Hardware tier	Example machine	Relevant memory	What it can plausibly run locally
Professional Windows laptop	Dell Pro 14 Plus / similar business laptop	16–32 GB system memory.	Good fit for small 3B–7B models, usually quantized. A 7B or 9B model may run, but performance and document length may be limiting.
Higher-end Windows mobile workstation	Lenovo ThinkPad P16 Gen 3 or Dell Pro Max workstation-class laptop	Lenovo lists up to 128 GB ECC; Dell Pro Max 16 Plus includes up to 64 GB.	Better fit for 7B–14B quantized models, and possibly larger models depending on GPU VRAM and whether inference can use system RAM.
Professional Mac laptop	MacBook Pro with M4 Pro / M5 Pro class chip	24–64 GB unified memory.	Very practical for 7B–14B quantized local models. Unified memory helps because CPU and GPU share the same memory pool, but speed still depends on model size and context length.
High-end Mac laptop	MacBook Pro with M4 Max / M5 Max class chip	Up to 128 GB unified memory.	Can handle substantially larger quantized models, potentially including 27B–70B class models depending on quantization and context length. This is a serious local AI development machine, but not cheap.
Enterprise NVIDIA workstation	NVIDIA DGX Station GB300-class system	NVIDIA describes 748 GB of coherent memory and up to 20 petaFLOPS of AI compute.	This is no longer “laptop local AI.” It is enterprise-grade local infrastructure. It can support much larger models and heavier workloads, but it belongs in a central IT or lab environment, not on an individual analyst’s desk.

Lessons

The whole run took 84 seconds and cost $0.044. That's a very low number. Five models, ninety calls, four cents. The cost of running this kind of evaluation against your own documents and your own rubric is hugely informative and essentially costs nothing. The reason most people skip this step is because it takes domain knowledge and tedious work to develop a solid ground truth to test against. That part is the actual work now that Codex can set up a testing environment for you in a few minutes.

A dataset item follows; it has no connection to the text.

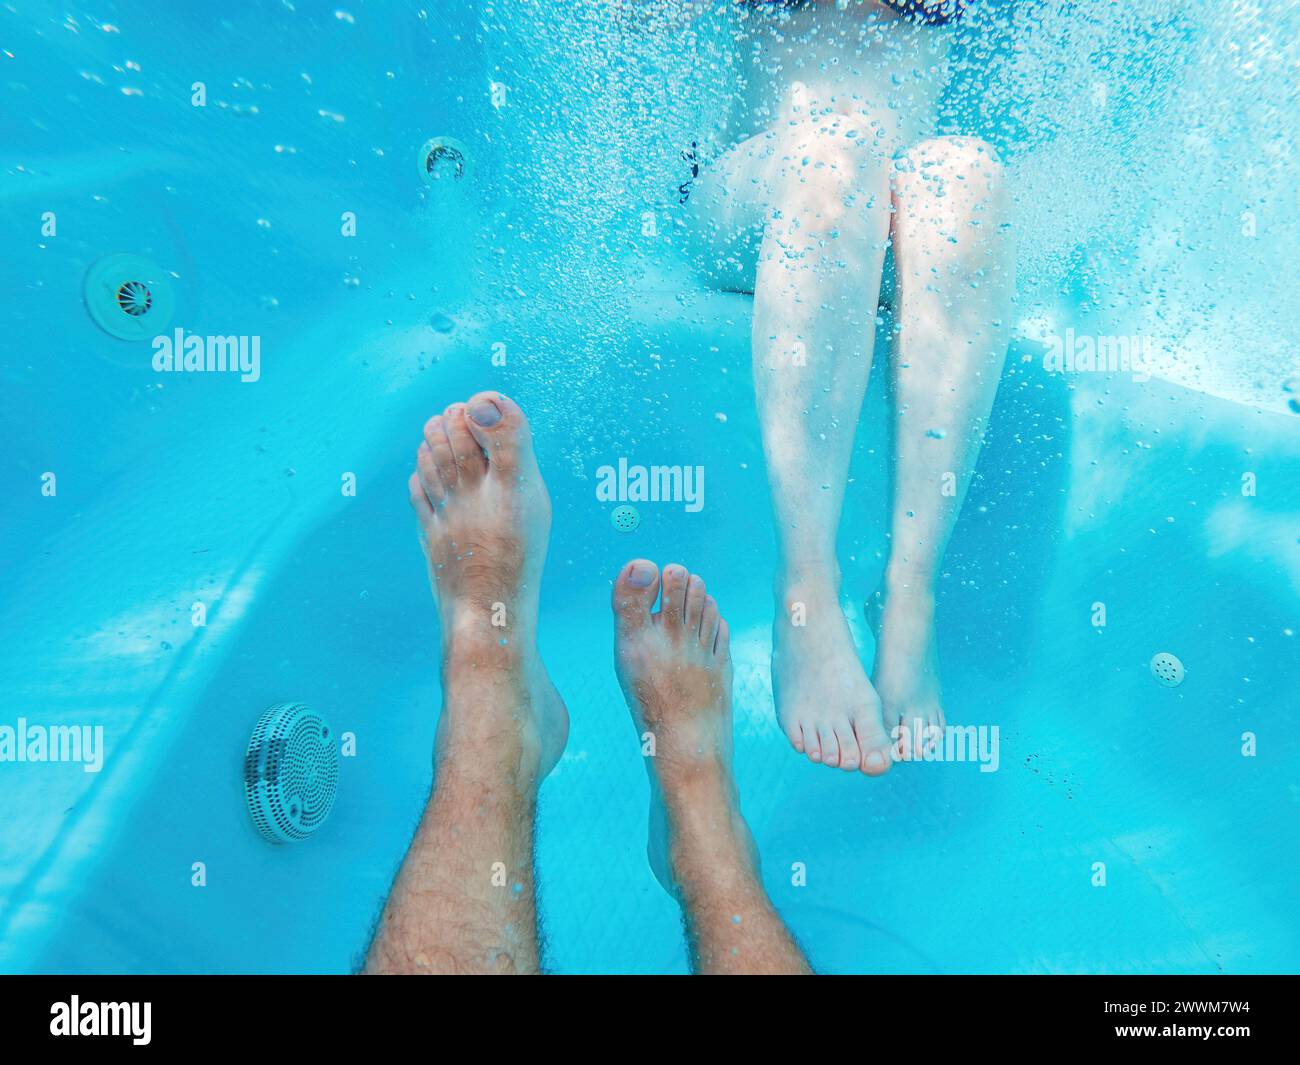 Coppia nella vasca idromassaggio, ripresa subacquea di gambe maschili e femminili in acqua, messa a fuoco selettiva Foto Stock

If you're an auditor, program manager, or oversight analyst thinking about putting an LLM into a real document workflow on sensitive data, the takeaway from this run is narrower than most marketing pages suggest. Three of the five models I tested hit 97% accuracy on this task using very clean PDF data. Picking among them is mostly a hardware and latency question, not an AI capability question.

For a real workflow, I would start by collecting 10 to 25 representative documents, building a small ground-truth file, grading field-level outputs, and looking closely at the error types. The goal is not to prove the model is perfect. The goal is to decide what role it can safely play: auto-fill in a downstream process, reviewer assistant, second-pass checker, or maybe only an aid for first drafts.